◆ Available records:
= Beginning of Section =
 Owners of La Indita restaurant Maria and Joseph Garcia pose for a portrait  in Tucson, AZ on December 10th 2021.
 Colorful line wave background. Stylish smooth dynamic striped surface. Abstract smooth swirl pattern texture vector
= End of Section =
= Beginning of Section =
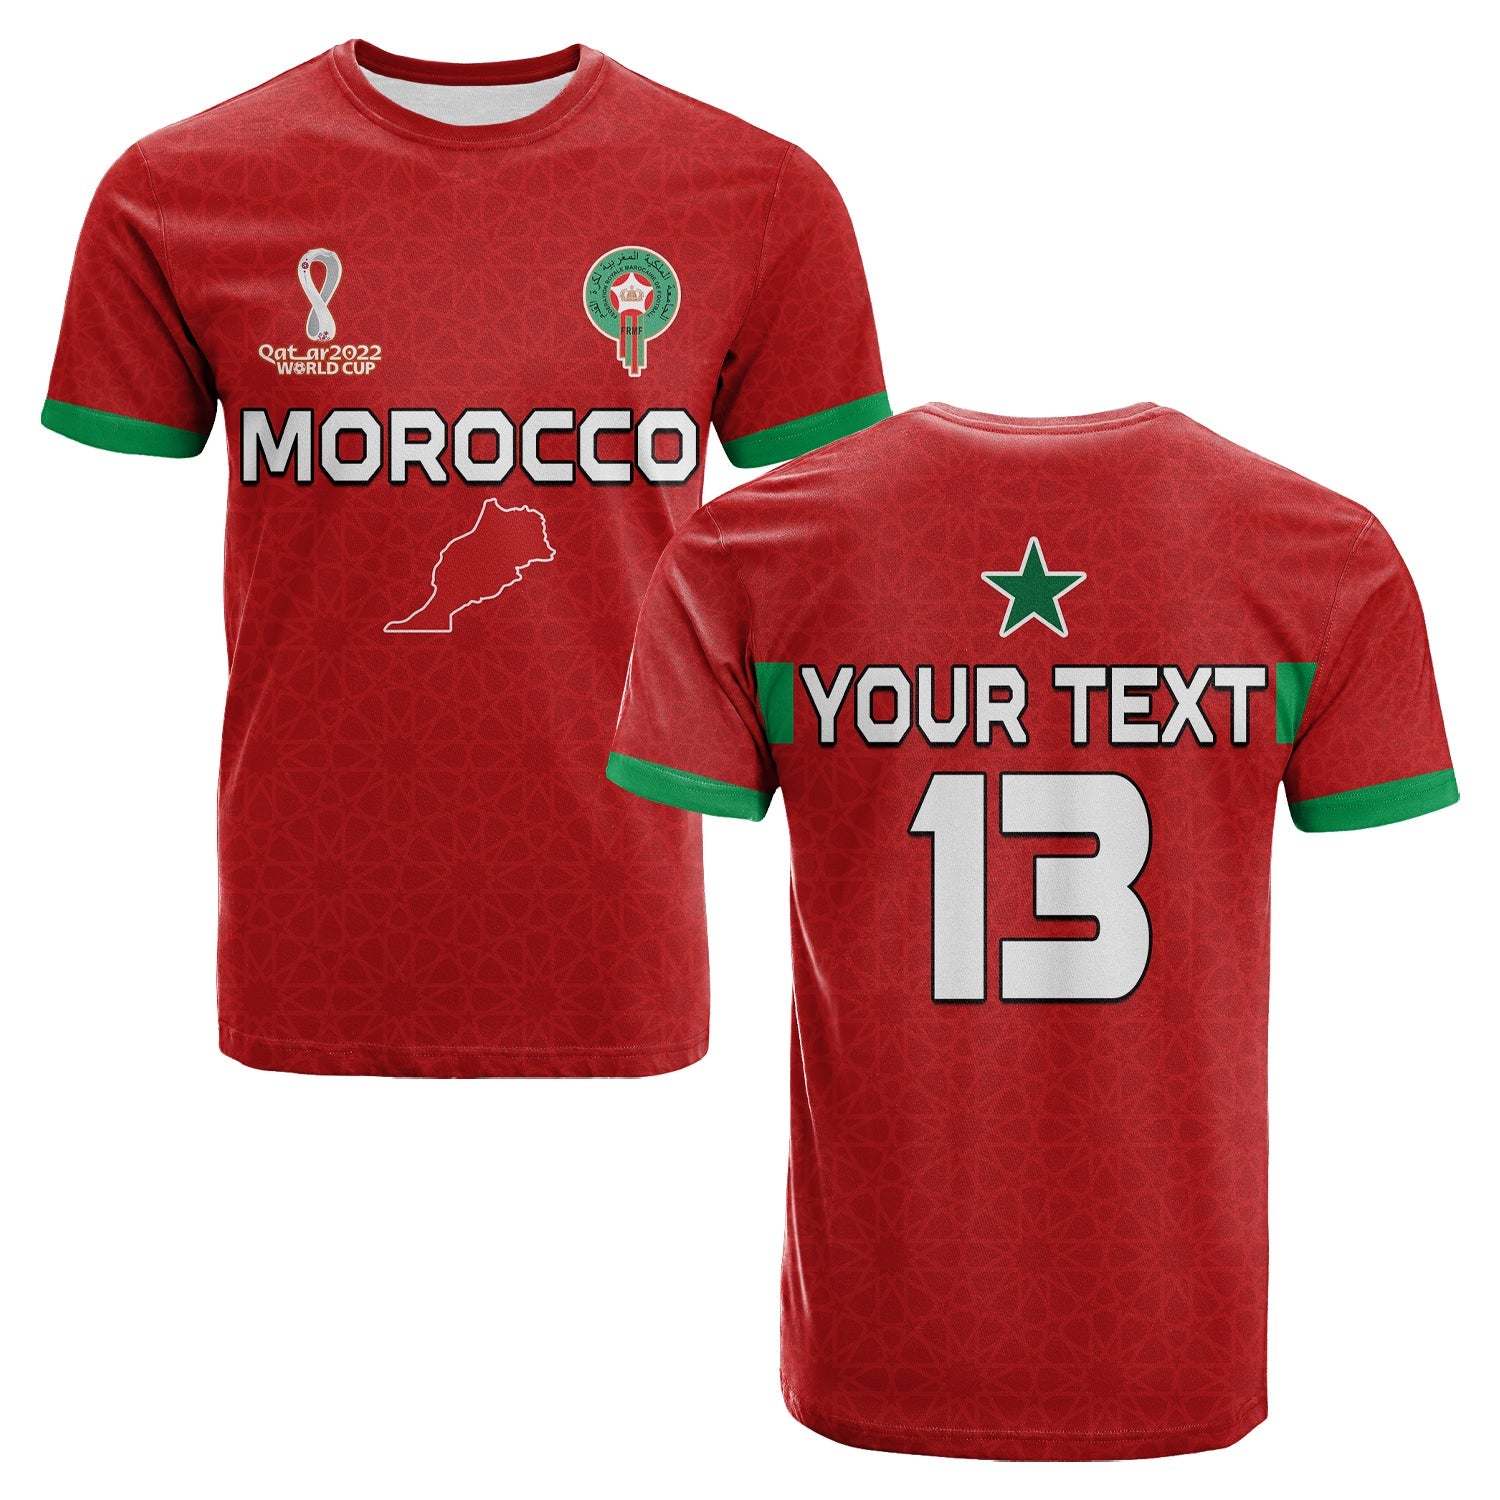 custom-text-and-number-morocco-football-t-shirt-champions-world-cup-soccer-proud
= End of Section =
= Beginning of Section =
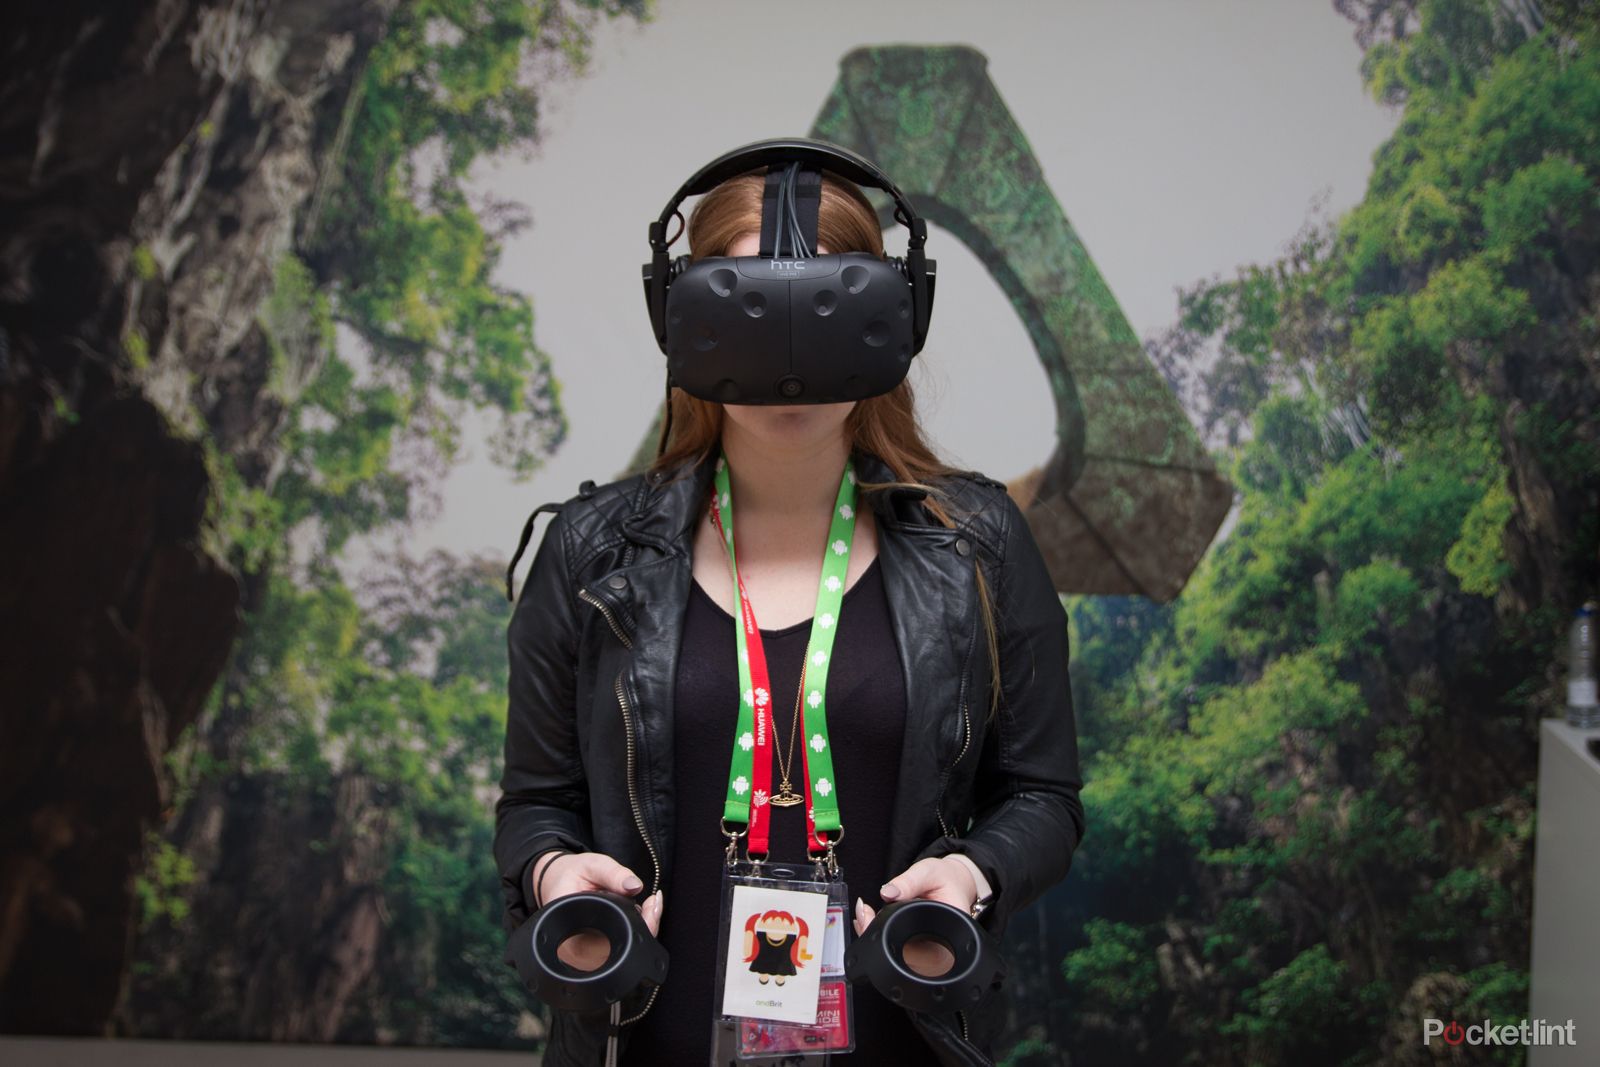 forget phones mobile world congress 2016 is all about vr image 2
= End of Section =
◆ What you have to do: Copy back the listing above exactly, but only from the line with "Owners of La" through the line with "Colorful line wave", both ends included.

◆ Solution for this exercise:
 Owners of La Indita restaurant Maria and Joseph Garcia pose for a portrait  in Tucson, AZ on December 10th 2021.
 Colorful line wave background. Stylish smooth dynamic striped surface. Abstract smooth swirl pattern texture vector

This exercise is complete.